Below are rendered images of a cloth covering a sphere. In this we include various ks values.



As we increase the spring constant, we notice that the cloth becomes stiffer and there are also less folds. As we decrease the spring constant, we notice the cloth wraps around the sphere and there are more folds.

Part 4: Handling self-collisions

In this part of the project, I handle the case where the cloth self-collides. Before this part, the cloth will fall on itself and clip through and behaves unnaturally. The cloth falls on itself, ignores itself, and then falls on the plane.

To do this, we implement the spatial hashing. At each time step, I build a hash table which maps a float to a PointMass vector. The float represents some point in the 3D map. Using the map, we loop through the PointMasses, find the PointMasses each PointMass shares the 3D volume with and apply repulsive collision force the the pair is close.

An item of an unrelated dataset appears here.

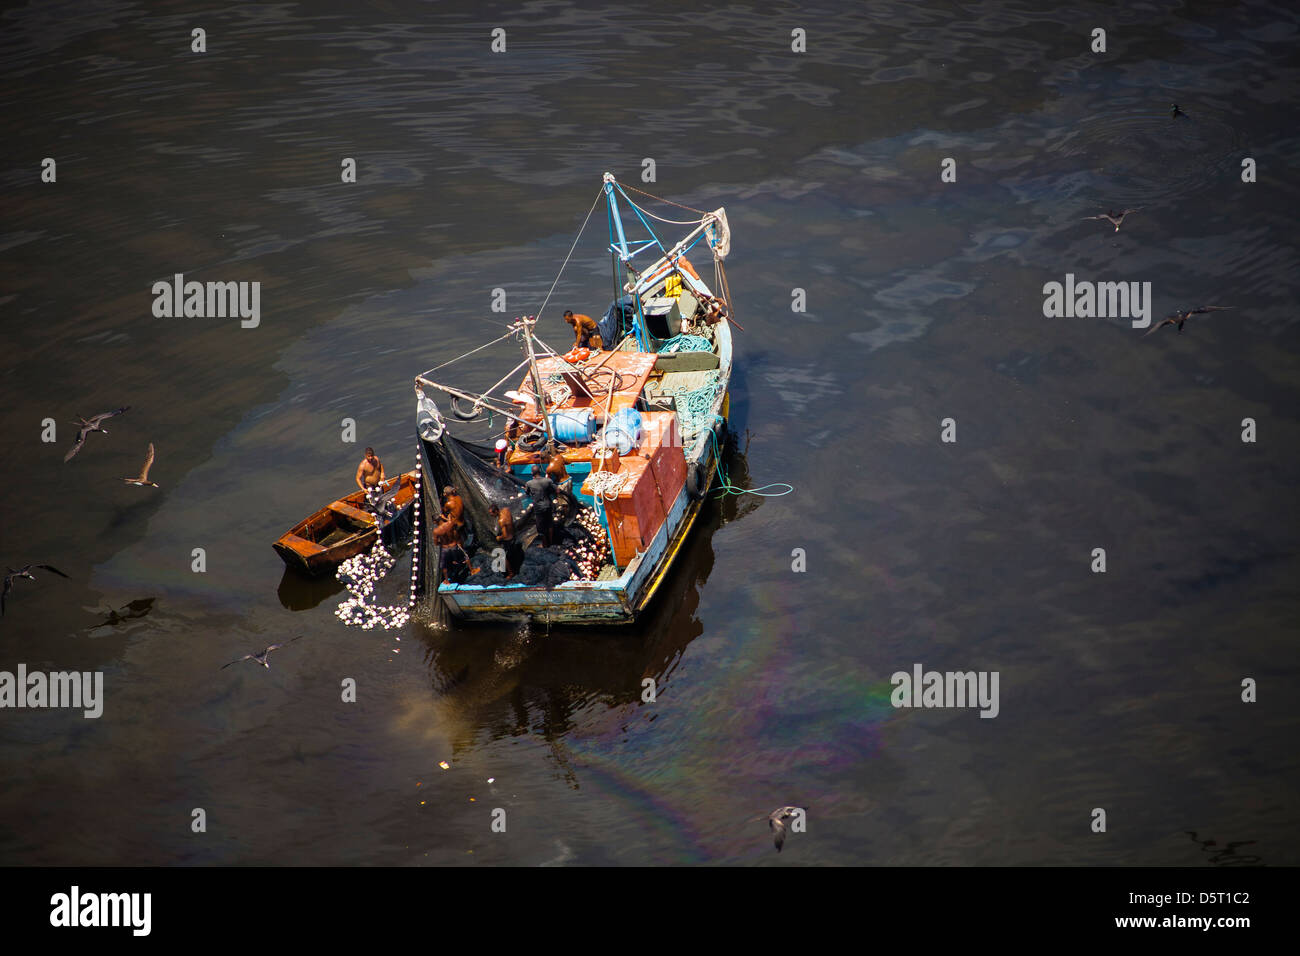 Petit bateau de pêche à l'eau polluée de la baie de Guanabara, Rio de Janeiro, Brésil. Marée noire près de l'île de Paqueta. Banque D'Images

Below are rendered images of the cloth with varying parameters.

Spring Constant

ks = 50,000


ks = 5,000


ks = 500


As we decrease the spring constant, the cloth falls with more wrinkles and more folds. The cloth looks more crumpled but at the end unfolds itself. As we increase the spring constant, the cloth falls with less but bigger folds. The cloth is more stable and stiffer. The final state looks crispier and has more folds.

Density

Density = 1.5g/cm^2


Density = 15 g/cm^2


As we decrease the density, we get the same effect as increasing the spring constant. The cloth looks more crumpled but at the end unfolds itself. As we increase the density, the cloth falls with less but has bigger folds. This effect is similar to decreasing the spring constant.

Part 5: Shaders

In this part of the project, we create GLSL shader programs to accelerate the time it takes to render a frame with realistic lighting. We implement Diffuse, Blinn-Phong, Texture Mapping, Bump & Displacement Map, and Mirror shaders.

OpenGL allows us to define shaders. These shader programs run in parallel on the GPU which allows you to define different steps of the rasterization pipeline. There are 2 types of basic OpenGL shaders: a vertex shader and a fragment shader.

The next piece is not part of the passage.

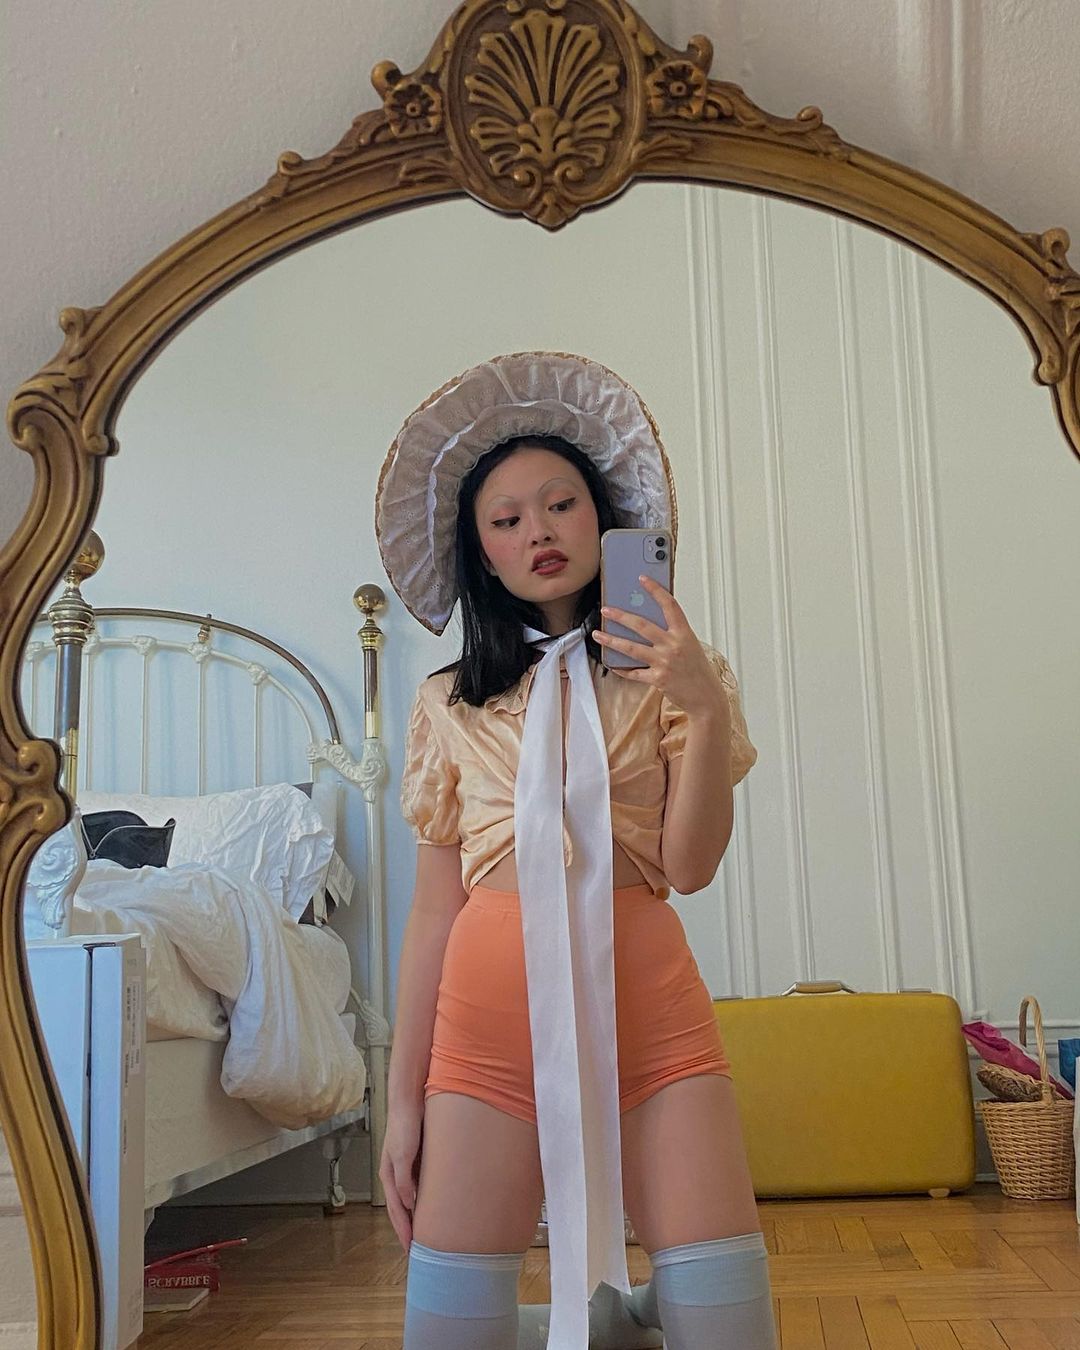 Mina Le và phong cách lolitacore trong bức ảnh Instagram

Vertex shaders generally apply transforms to vertices that effect the geometric properties. This includes the position and normal vectors. This helps with making a bumps and the overall geometric shape of the objects look realistic.

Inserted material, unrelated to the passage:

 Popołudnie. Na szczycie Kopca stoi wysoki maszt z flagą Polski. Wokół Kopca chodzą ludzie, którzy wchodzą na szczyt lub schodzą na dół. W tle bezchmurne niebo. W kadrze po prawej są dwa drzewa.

The fragment shader takes in the properties of a fragment calculated by the vertex shader and computes a color using shading models.

One of the shading models we use is Blinn-Phong. This computes the fragment color using an ambient light component, a diffuse component and a specular reflection component.

Below are rendered images of the cloth on the sphere. In the examples above we isolate each component mentioned in the Blinn-Phong model.



Below is a rendered image of the texture mapping shader.

Below is a rendered image of bump mapping on the cloth and on the sphere.


In the next render, I compare the bump mapping on the sphere with the displacement mapping on the sphere. Looking at the 2, side by side, we can see the 2 objects have relatively the same outline. However, you can see with the modifications in displacement, it displaces the geometry and so the positions of the vertices of the fragments have changed as well.


Next, I compare how different shaders act differently when the mesh’s coarseness is modified. I use the parameters -o 16 -a 16 and then -o 128 -a 128.



There is very little change between the 2 images. The light that shines on the sphere when the coarseness is changed to 128 looks more diffused. In addition, the sphere on the right looks more realistic and sharper.

Below are renders of the displacement mapping shader with various coarseness.



The displacement in the mesh that has a higher coarseness is very obvious. The higher the coarseness the more displacement we get of points. The lower the coarseness the less coarse the mesh is.

Below is a rendered image of the mirror shader on the cloth and on the sphere.